The Food Standards Agency’s (FSA's) shellfish monitoring programme has successfully completed a move away from tests using mice for the detection of paralytic shellfish poisoning (PSP) and lipophilic toxins in commercially harvested shellfish.
The phasing out of animal testing in the shellfish monitoring programme has been a long-term goal of the FSA.
Without an approved alternative method available, tests on mice had previously been the most suitable way of detecting toxins in shellfish.
However, the FSA and Cefas (Centre for Environment, Fisheries, and Aquaculture Science) have spent a number of years developing alternative testing methods that do not rely on mice.
The FSA has written to local authorities today informing them of the final phase of changes to its monitoring programme, which took effect from May 2012.
The Humane Society International/Europe has welcomed the news that the UK’s Food Standards Agency has ended all animal testing to screen for shellfish toxins.
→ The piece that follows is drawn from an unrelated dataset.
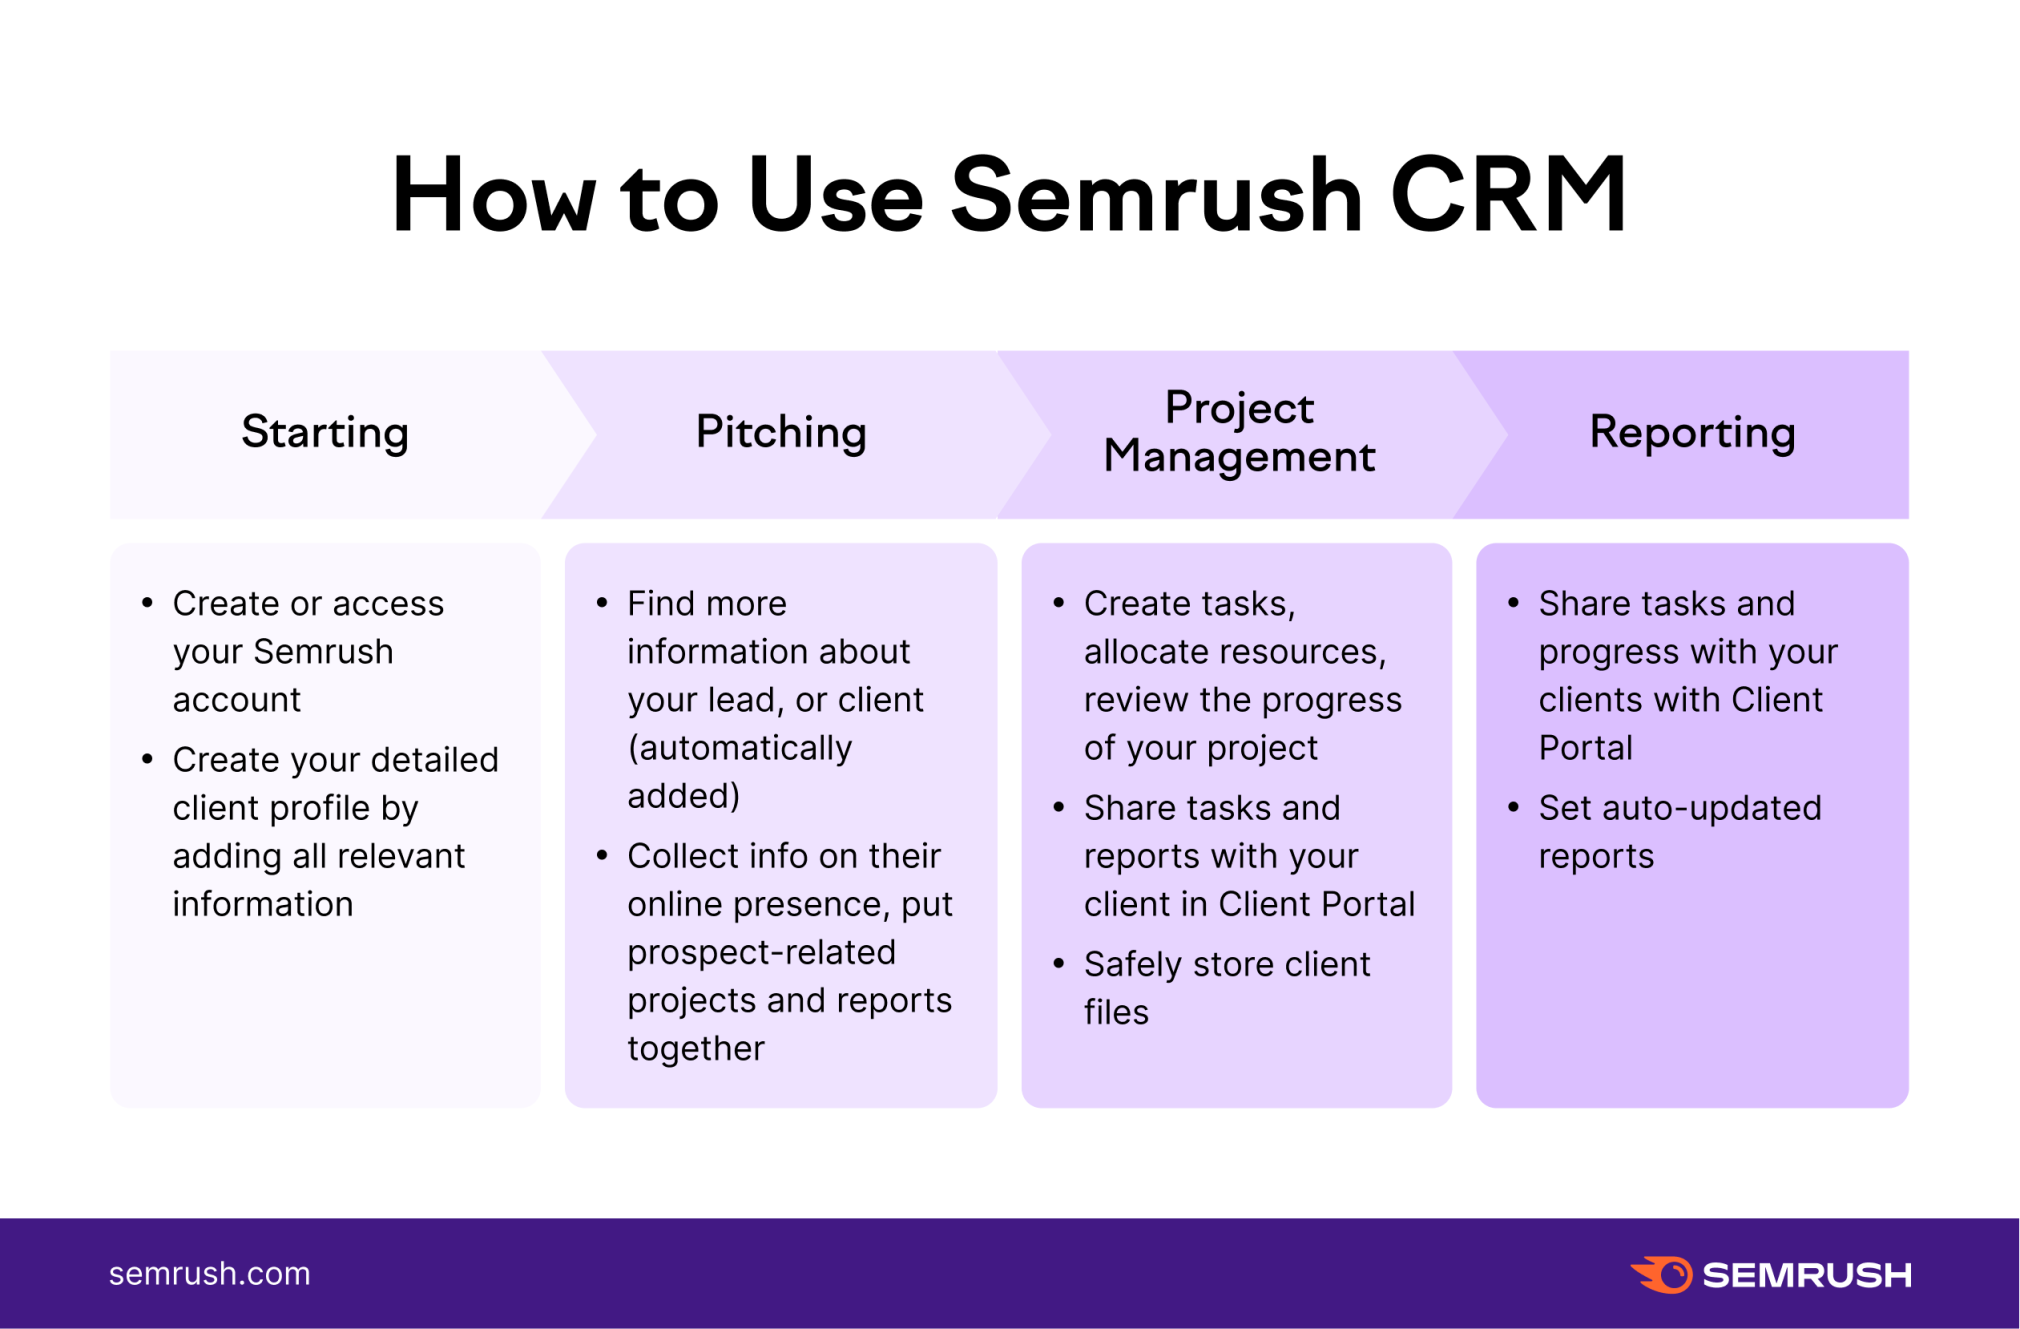 How to use CRM for marketing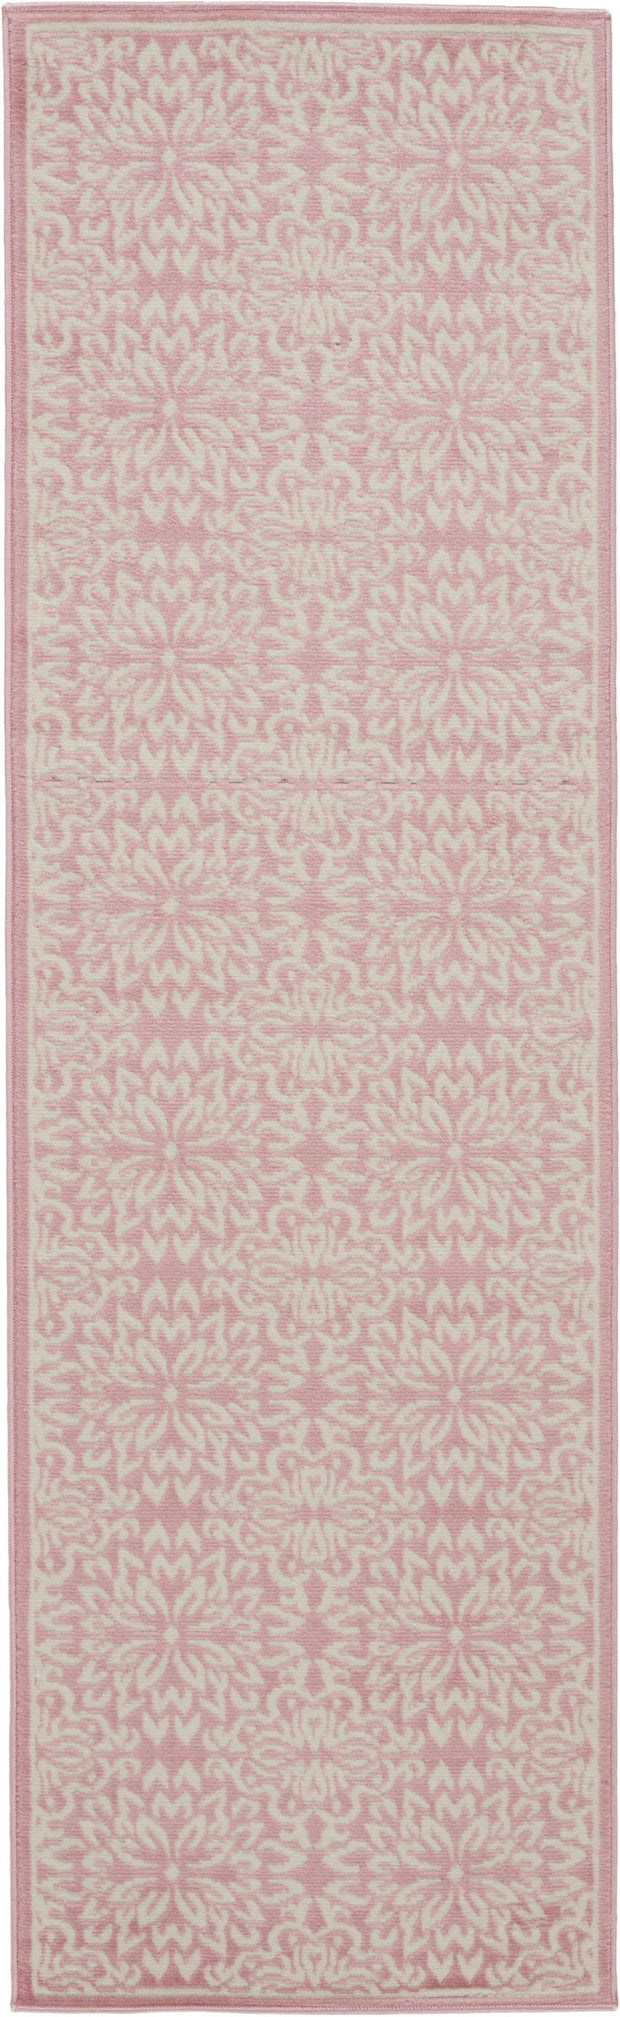 jubilant ivory pink rug by nourison 99446478511 redo 3

“Humane Society International applauds the UK Food Standards Agency for being proactive ahead of the 2014 deadline and replacing animal testing for shellfish with methods that are at the cutting edge of safety testing,” said Troy Seidle, director of research and toxicology for HSI Europe. “Mice used in these tests can die one of the most agonising deaths imaginable, many of them suffocating as the toxins starve their lungs of oxygen. These tests are unreliable as well as unethical, so there is now no excuse for other EU member countries to delay better protecting consumers by also switching to superior animal-free tests.”